RECORDED DATA -

⁂

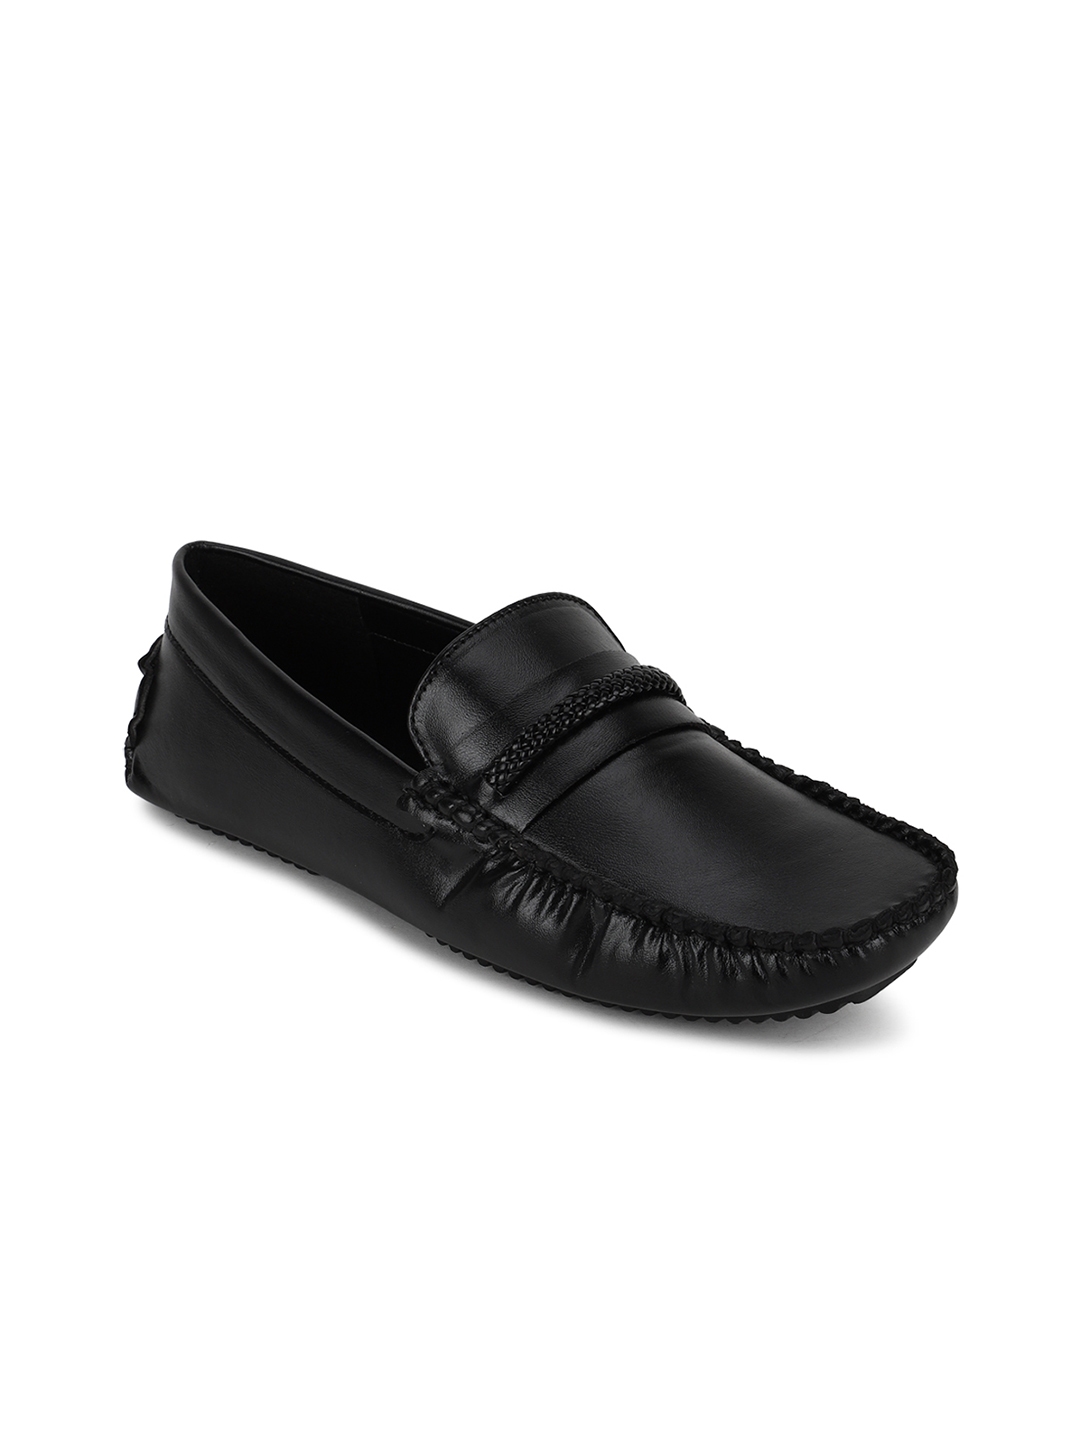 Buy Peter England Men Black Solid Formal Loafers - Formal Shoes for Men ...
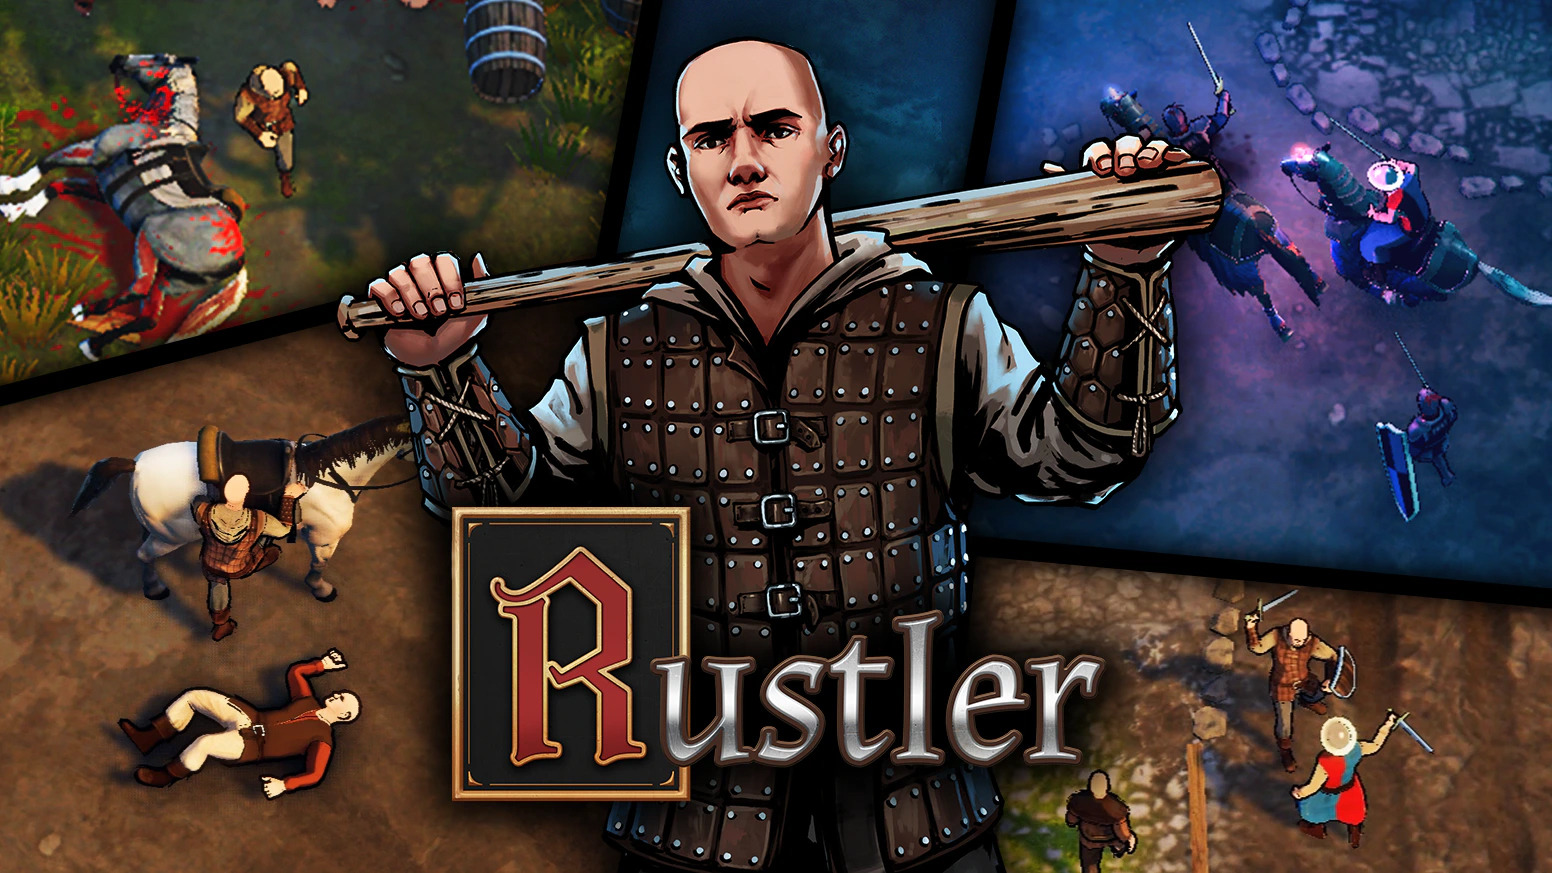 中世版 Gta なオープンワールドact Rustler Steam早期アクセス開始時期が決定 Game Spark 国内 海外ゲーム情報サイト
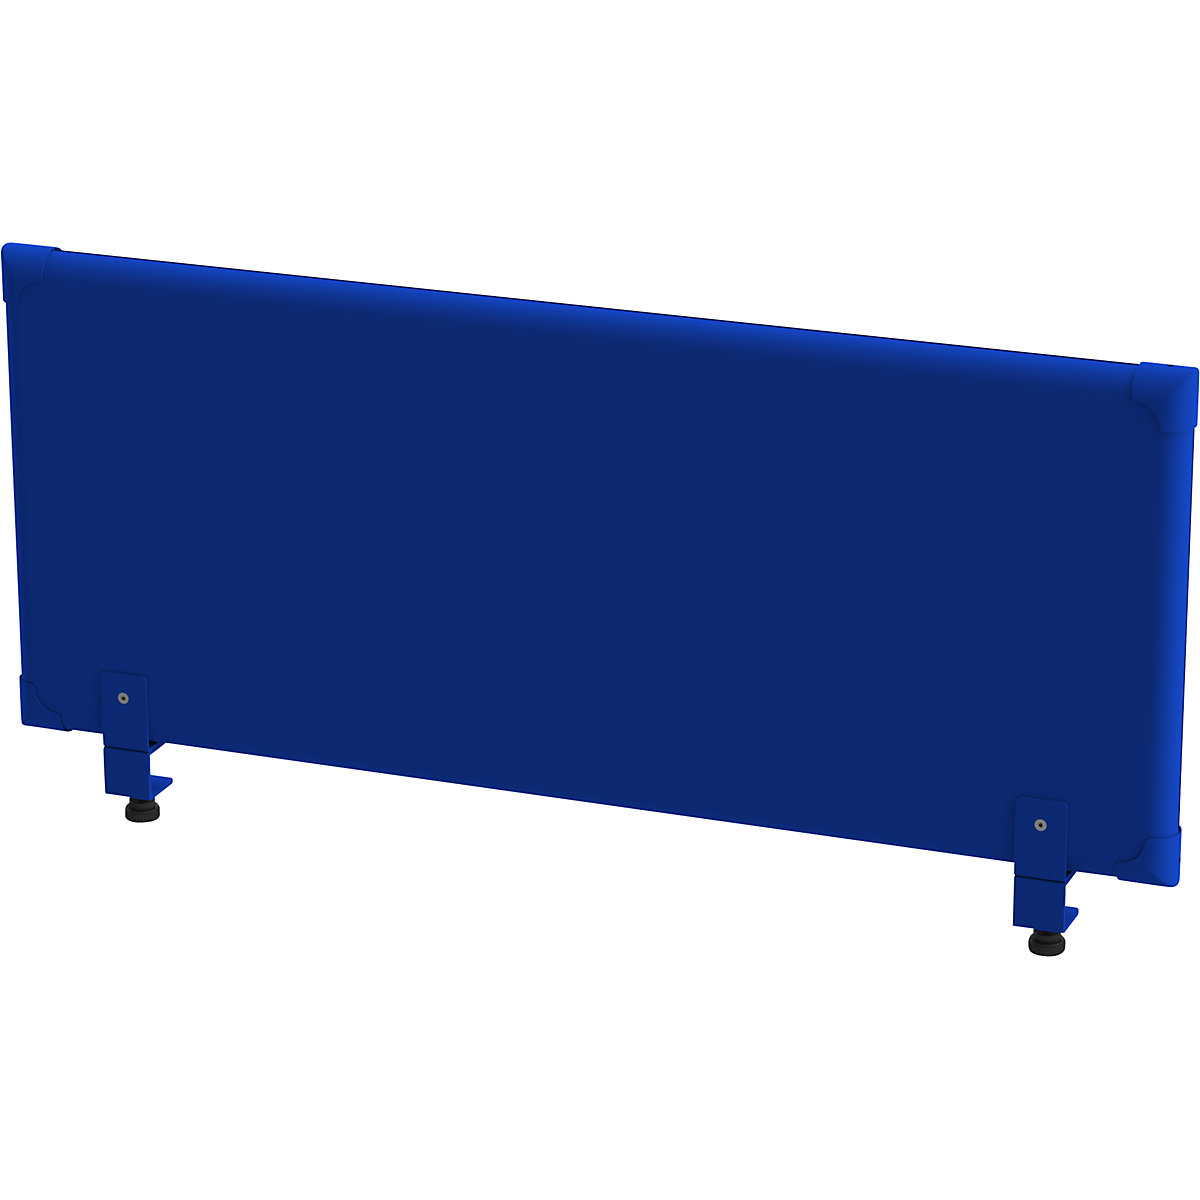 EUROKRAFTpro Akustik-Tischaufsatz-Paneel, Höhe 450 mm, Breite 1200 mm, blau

⁂

EXERCISE DIRECTIONS - Reproduce every line of the material precisely, omitting its pictures.

RESPONSE AREA -
 Buy Peter England Men Black Solid Formal Loafers - Formal Shoes for Men ...
 中世版 Gta なオープンワールドact Rustler Steam早期アクセス開始時期が決定 Game Spark 国内 海外ゲーム情報サイト
 EUROKRAFTpro Akustik-Tischaufsatz-Paneel, Höhe 450 mm, Breite 1200 mm, blau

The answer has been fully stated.